Going back to the example we first mentioned, examples/agent_groupchat.py contains an example of a groupchat where one of the agents is powered by MemGPT.

In order to run this example on a local LLM, go to lines 32-55 in examples/agent_groupchat.py and fill in the config files with your local LLM's deployment details. For example, if you are using webui, it will look something like this:

config_list = [
    {
        "model": "dolphin-2.1-mistral-7b",  # this indicates the MODEL, not the WRAPPER (no concept of wrappers for AutoGen)
        "api_base": "http://127.0.0.1:5001/v1"
        "api_key": "NULL", # this is a placeholder
        "api_type": "open_ai",
    },
]
config_list_memgpt = [
    {
        "model": "airoboros-l2-70b-2.1",  # this specifies the WRAPPER MemGPT will use, not the MODEL
    },
]

config_list is used by non-MemGPT agents, which expect an OpenAI-compatible API.

config_list_memgpt is used by MemGPT agents. Currently, MemGPT interfaces with the LLM backend by exporting OPENAI_API_BASE and BACKEND_TYPE as described above. Note that MemGPT does not use the OpenAI-compatible API (it uses the direct API).

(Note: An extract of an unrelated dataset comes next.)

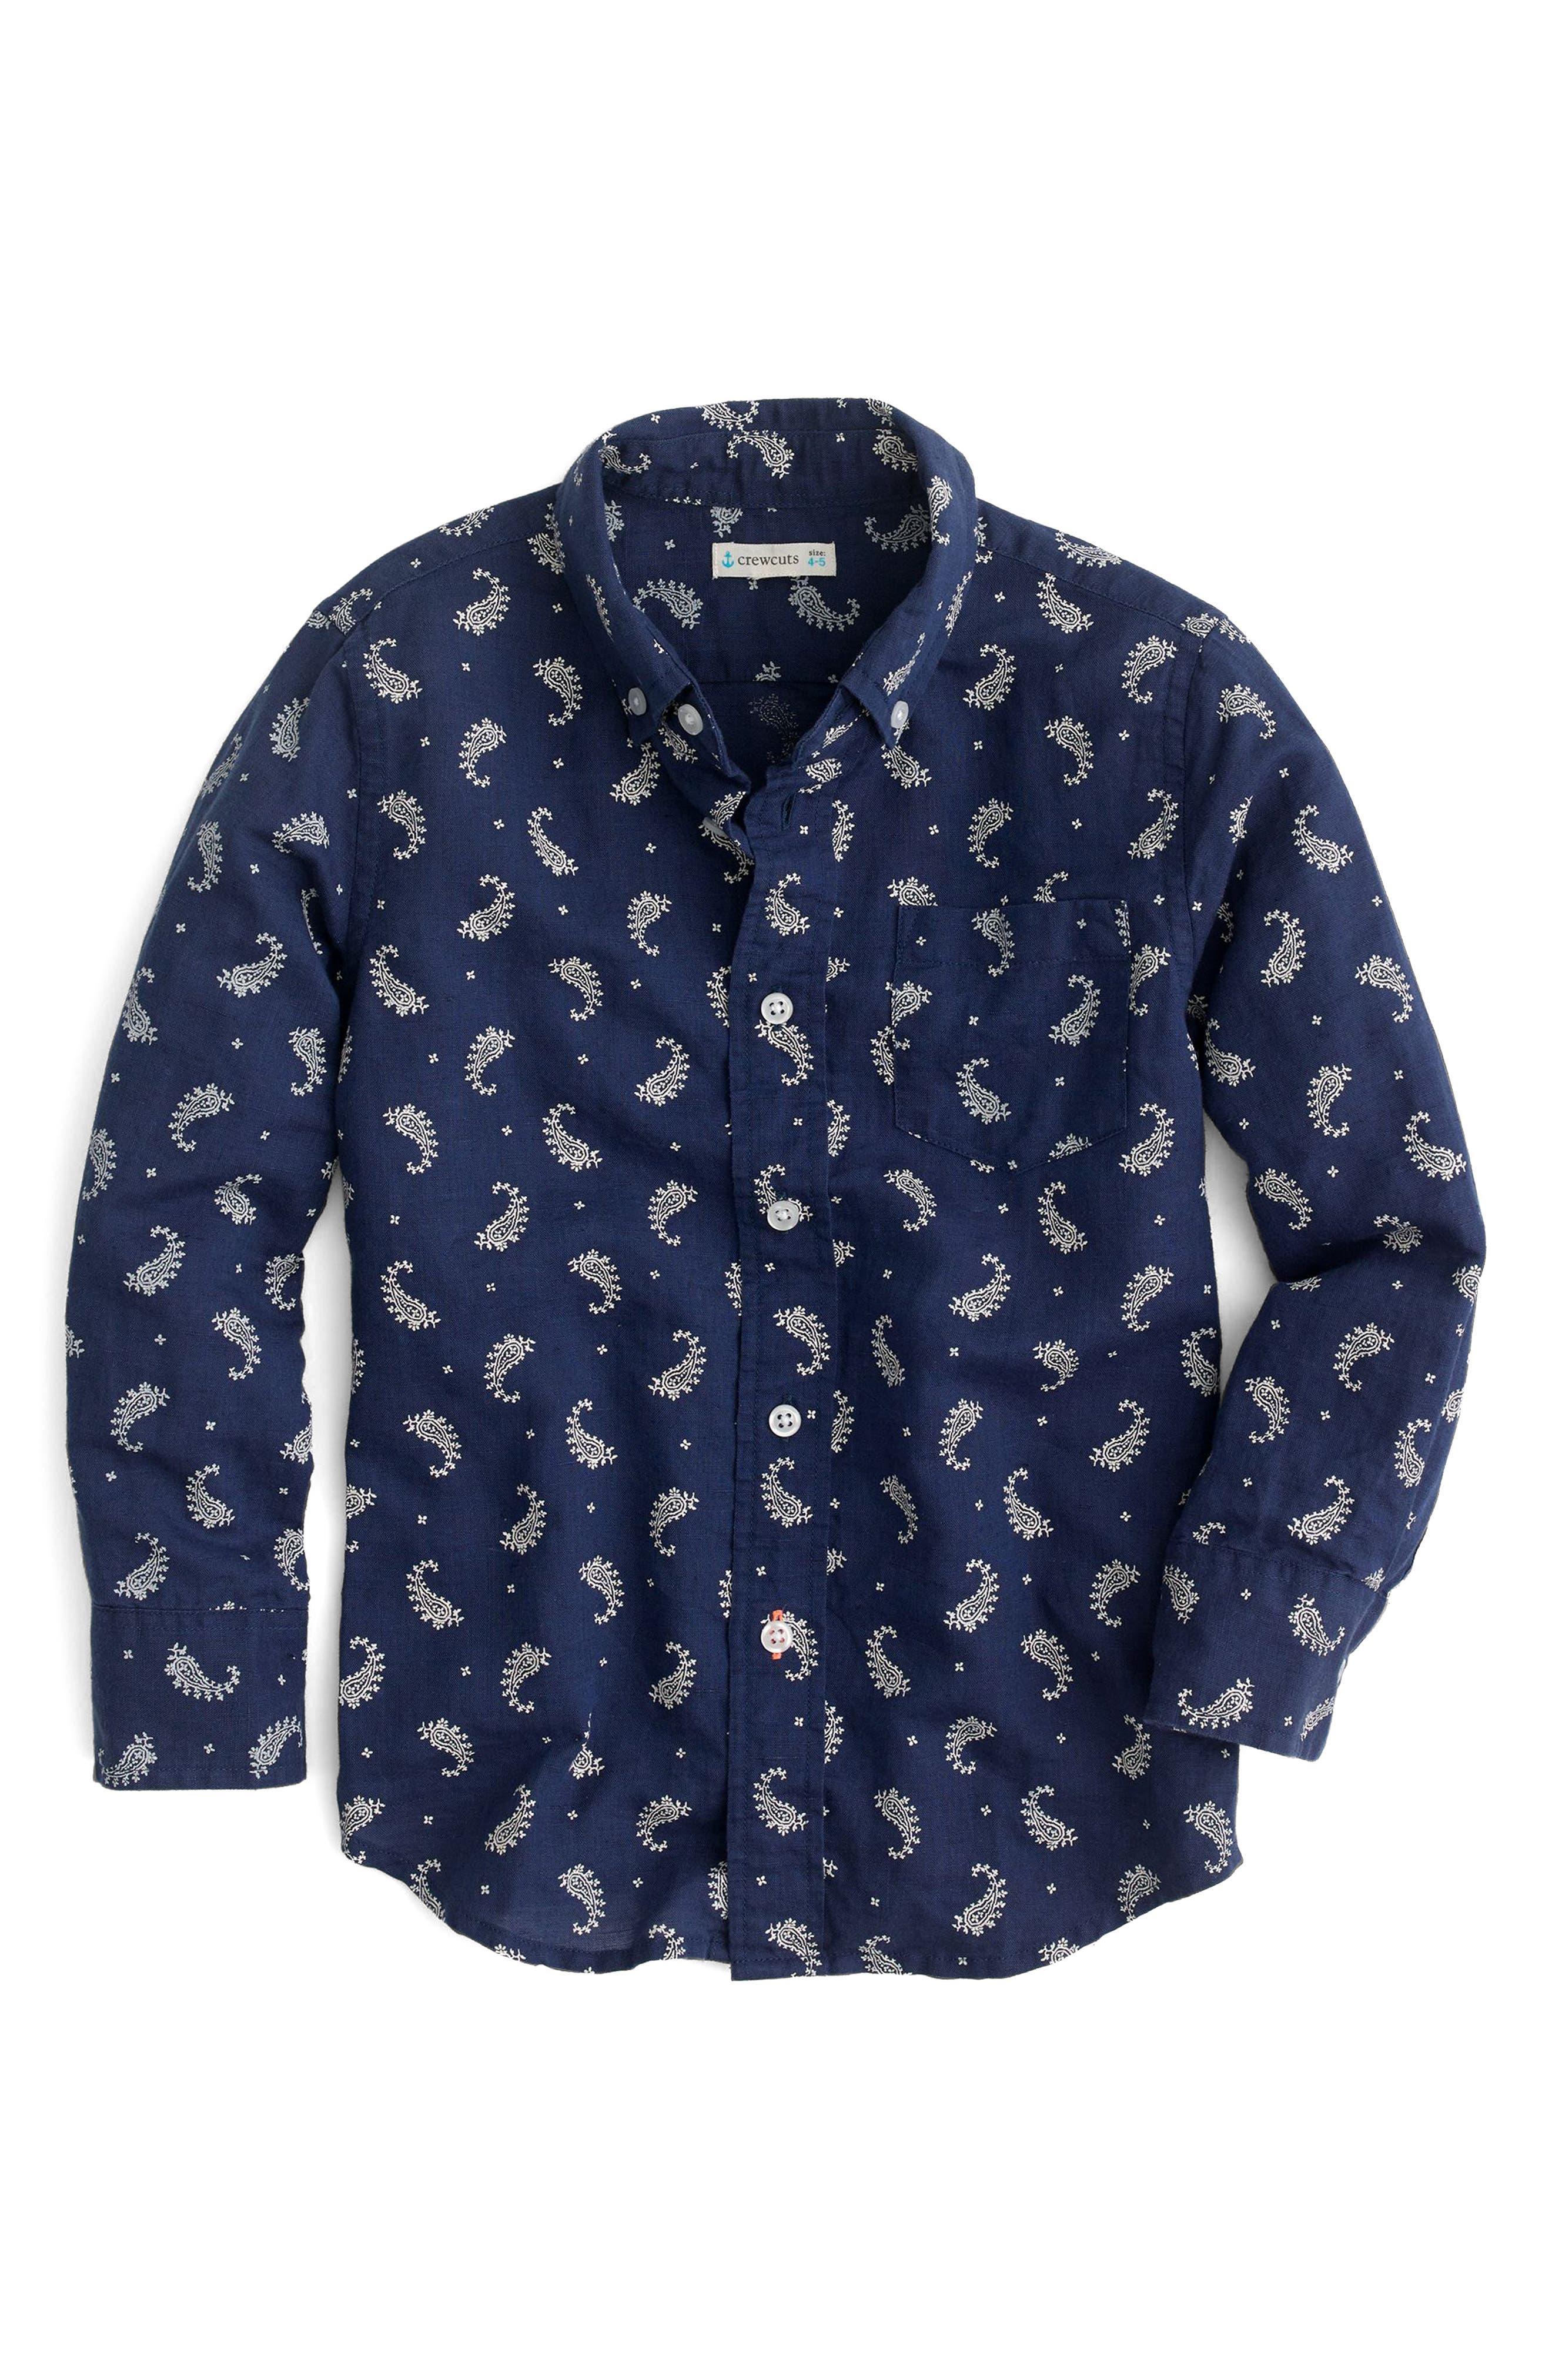 CREWCUTS BY J.CREW Paisley Print Cotton & Linen Dress Shirt, Main, color, 400

If you're using WebUI and want to run the non-MemGPT agents with a local LLM instead of OpenAI, enable the openai extension and point config_list's api_base to the appropriate URL (usually port 5001). Then, for MemGPT agents, export OPENAI_API_BASE and BACKEND_TYPE as described in Local LLM support (usually port 5000).

Loading documents

examples/agent_docs.py contains an example of a groupchat where the MemGPT autogen agent has access to documents.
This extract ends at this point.